5.2 Sandbagging as an Invisible Failure Mode
The toxicity invariance finding has practical implications. If toxicity-based monitoring is the primary safety signal, sandbagging delegates will evade detection entirely. Their interactions produce positive but suboptimal outcomes — not flagged as harmful, but collectively degrading welfare. This suggests that delegation monitoring systems need surplus-based metrics (expected welfare contribution) in addition to harm-based metrics (toxicity).
5.3 Limitations
- Scripted agents: Agent policies are handcrafted rather than learned. Real delegation failures may involve more sophisticated strategic behavior.
- Static delegation structure: Principals and delegates are fixed roles. Dynamic role-switching would create more complex delegation chains.
- 10-epoch horizon: Short simulation length may underestimate the impact of reputation-based mechanisms that require longer histories.
- Two governance levers: The sweep covers only tax and circuit breaker. Audit probability, collusion detection sensitivity, and reputation decay rate are fixed — these may interact with delegation dynamics.
5.4 Future Work
- Delegation-aware governance levers: Design mechanisms that specifically target sandbagging (output quality trending) and capability faking (skill verification protocols).
- Cascading delegation chains: Extend the scenario to track multi-hop delegation where agents re-delegate to sub-delegates.
- LLM-backed agents: Replace scripted policies with language model agents to test whether natural language delegation creates novel failure modes.

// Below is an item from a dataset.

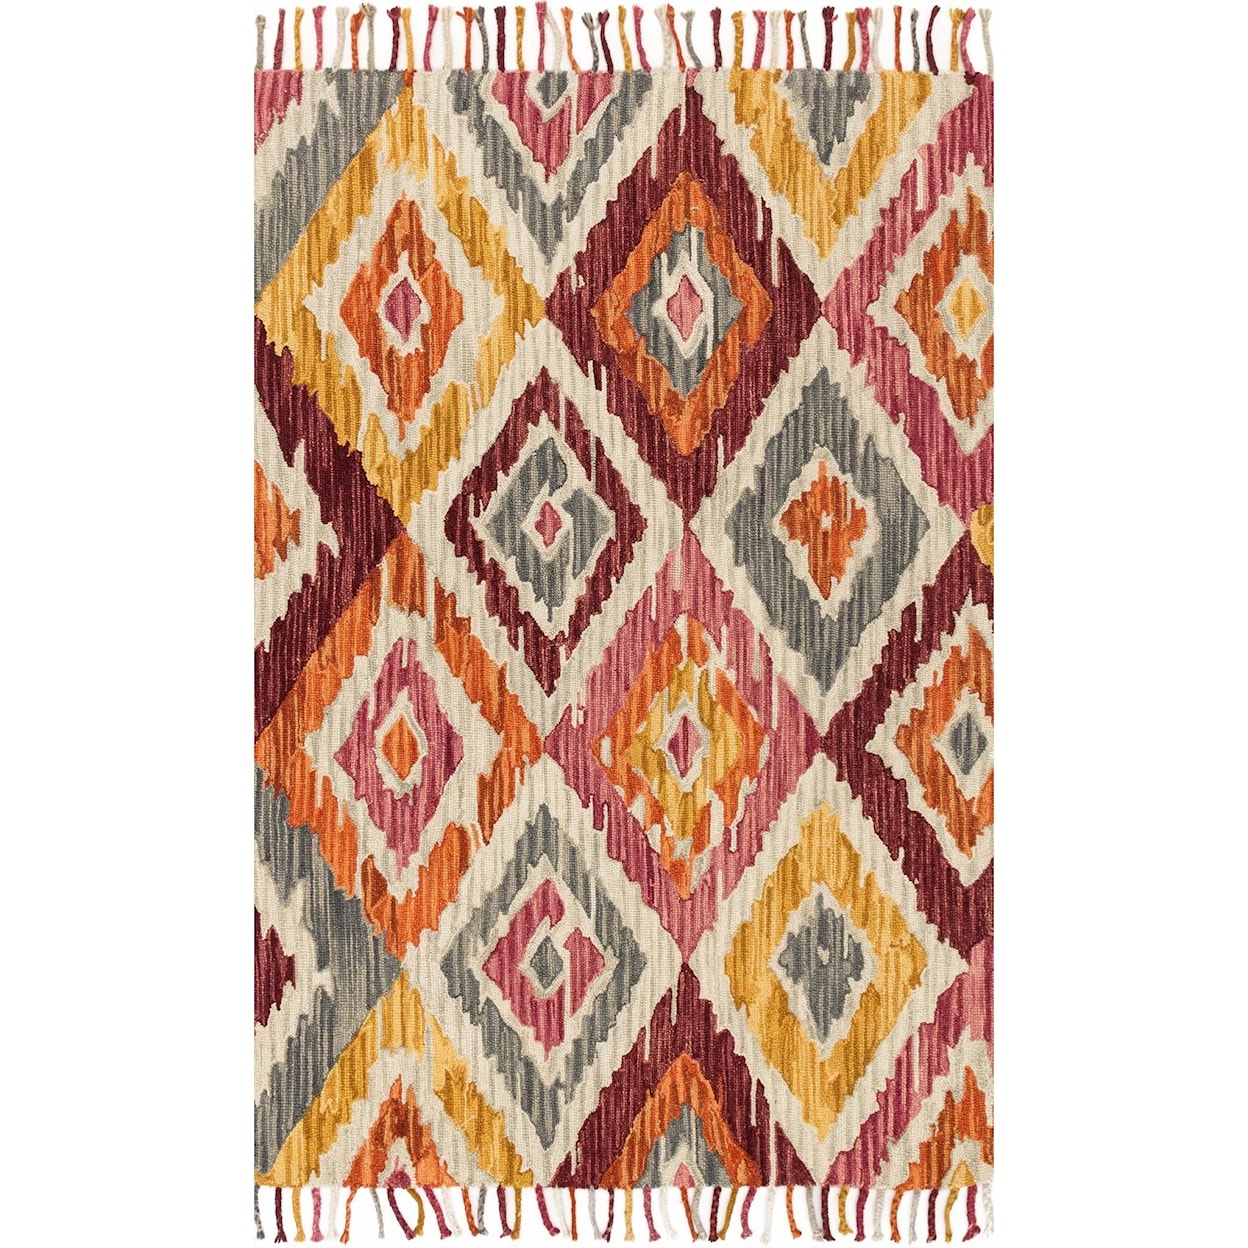 Magnolia Home by Joanna Gaines for Loloi Brushstroke 2' 3" x 3' 9" Rectangle Rug
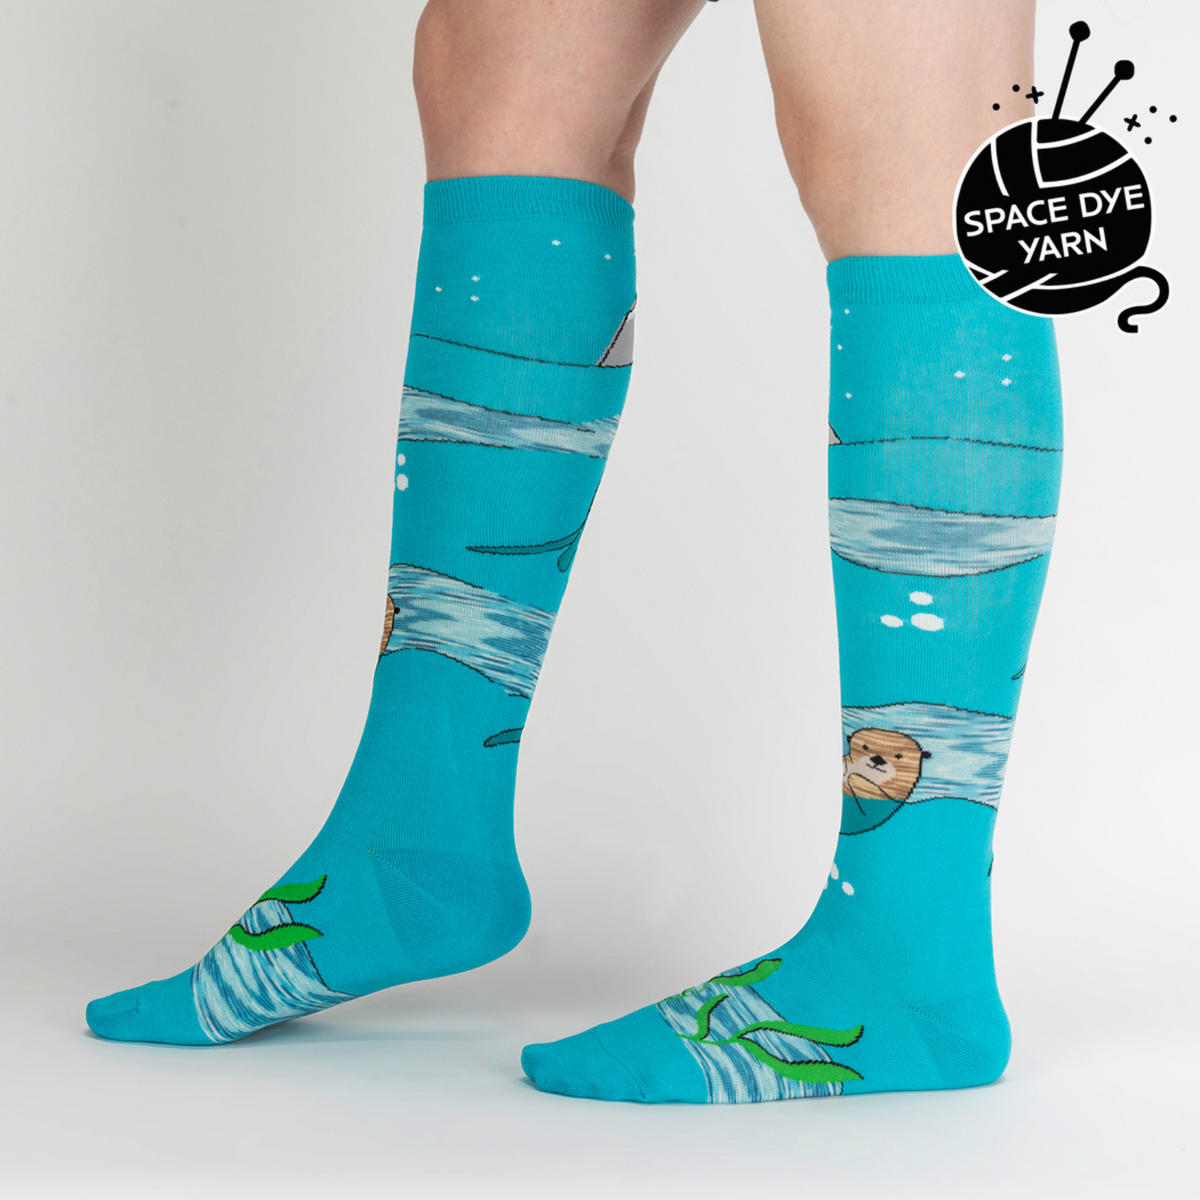 Sock It To Me Plays Well With Otters women&#39;s sock featuring blue knee high with otters and a puffin bird on model seen from side

- Trust calibration dynamics: Study how principals learn to calibrate trust in delegates over longer horizons.
6. Reproducibility
All results can be reproduced from the scenario YAML and sweep configuration:
# Single run
python -m swarm run scenarios/delegation_games.yaml --seed 42 --epochs 10 --steps 15
# Full sweep (80 runs)
python examples/parameter_sweep.py \
--scenario scenarios/delegation_games.yaml \
--output sweep_results.csv \
--epochs 10 \
--runs_per_config 10 \
--seed 42
# Generate plots
python examples/plot_sweep.py sweep_results.csv --output-dir plots/
Run artifacts: runs/20260213-143751_delegation_games_study/
7. Figures
| Figure | File | Description |
|---|---|---|
| Fig 1 | safety_margin_by_tax.png |
Honest-adversarial payoff gap by tax rate |
| Fig 2 | heatmap_tax_cb.png |
Parameter grid heatmap (welfare, toxicity, quality gap) |
| Fig 3 | welfare_toxicity_tradeoff.png |
Welfare-toxicity scatter by configuration |
| Fig 4 | quality_gap_by_config.png |
Quality gap (selection effect) by configuration |
| Fig 5 | welfare_by_config.png |
Welfare with individual data points by configuration |
| Fig 6 | cb_welfare_boost_ci.png |
Circuit breaker welfare effect with 95% CI |
| Fig 7 | welfare_boxplot.png |
Welfare distribution box plots |
| Fig 8 | toxicity_rate_by_config.png |
Toxicity rate by configuration |
| Fig 9 | payoff_by_agent_type.png |
Agent payoffs by type and configuration |
References
- Tomašev, N., Franklin, M., & Osindero, S. (2026). Intelligent AI Delegation. arXiv:2602.11865.
- Holmström, B. (1979). Moral hazard and observability. Bell Journal of Economics, 10(1), 74–91.
- Conitzer, V., et al. (2024). Social choice for AI alignment: Dealing with diverse human feedback. arXiv:2404.10271.